SINCE time immemorial, sovereigns across the world have enjoyed the privilege of pardoning offenders. In India, Singapore and the United States, the power to pardon is vested with their presidents through their respective constitutions.
It is axiomatic to observe that the nature and extent of the power to pardon would be dependent on the words declared in the respective constitutions or statutes of each country and hence, any comparison made to such jurisdictions would only be applicable or persuasive if they are identical or similar.
Therefore, the provisions for pardons in other countries such as India, Singapore, Hong Kong, and the United Kingdom must be examined based on the wording expressed in their respective document before they can be applied in Malaysia.
Article 42 states that it is specifically the Yang di-Pertuan Agong (not the Pardons Board) that has the power to grant pardons, reprieves and respites in respect of all offences committed in the Federal Territories.
It is not in doubt that the YDPA is not part of and a member of the Pardons Board but instead, His Majesty only presides, meaning His Majesty directs and regulates the board’s proceedings.
This is evidently clear by virtue of Article 42(5) which states that the board shall consist only of three members appointed by the YDPA, the attorney-general and the Federal Territories minister only whilst Article 42(8) states: “The Pardons Board shall meet in the presence of the Ruler and he shall preside over it”.
There have been considerable debates and thoughts put forth that the YDPA is bound and must necessarily follow the advice of the Pardons Board in that His Majesty has no discretion and, therefore cannot act independently in arriving at a decision.
This line of reasoning is perhaps based on the wording of Article 40(1A) and Article 42(4)(b). Article 40(1A) states that the YDPA in exercising his functions under the constitution is to act in accordance with, on or after considering advice.
However, Article 40(1A), cannot be read in isolation and must be read together with the other Articles in the constitution, specifically in relation to Articles 40(1) and 40(2).
Article 40(1) states that the YDPA in the exercise of his functions shall act in accordance with the advice of the cabinet or of a minister acting under the general authority of the cabinet, except as otherwise provided in the constitution.
Meanwhile, Article 40(2) states that the YDPA may act in his discretion such as in appointing the prime minister, and withholding consent for dissolution in any other instances mentioned in the constitution.
The Federal Court in the case of Dato’ Seri Anwar bin Ibrahim v Perdana Menteri Malaysia & Anor [2010] held:
“It must be properly observed that Art 40 divides the functions of the Yang di-Pertuan Agong into two distinct categories ie those functions that he may exercise in his discretion and those that he must exercise or act in accordance with ministerial advice.
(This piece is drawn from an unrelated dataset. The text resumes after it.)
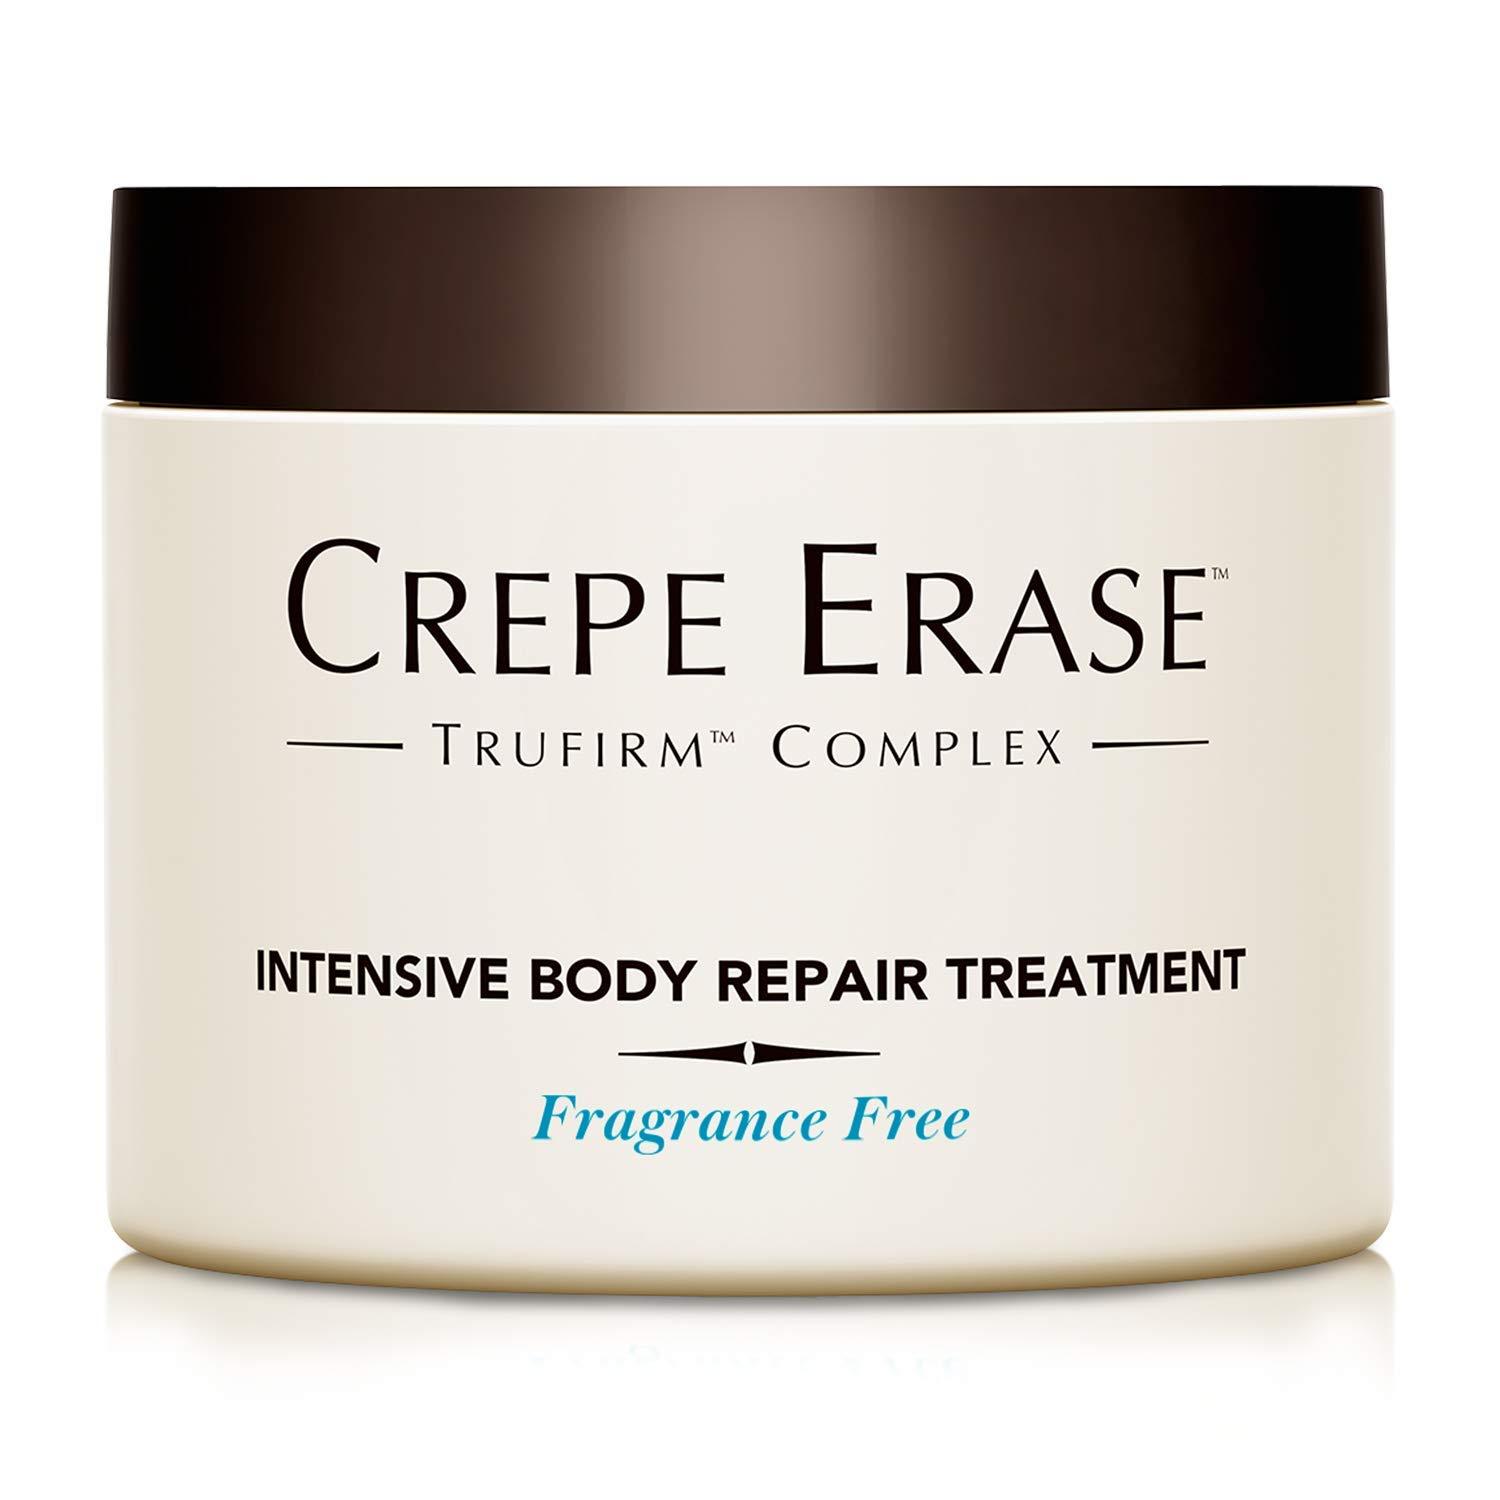 Crepe Erase – Intensive Body Repair Treatment – Fragrance Free 10 Ounce

“Except for his function under Art 40(2) which provides that the Yang di-Pertuan Agong may act in his discretion, the other functions to be exercised by him under the Constitution or federal law shall be exercised in accordance with the advice of the cabinet or minister acting under the general authority of the cabinet.”
Hence, with regards to Article 40(1A), the YDPA is only required to act on advice where required under the constitution if it relates to advice by the cabinet or ministers acting under the authority of the cabinet.
For instance, under Article 43(2)(b), where it expressly states that the YDPA shall appoint ministers on the advice of the prime minister or Article 145(1) where the YDPA is to appoint the attorney-general on the advice of the prime minister.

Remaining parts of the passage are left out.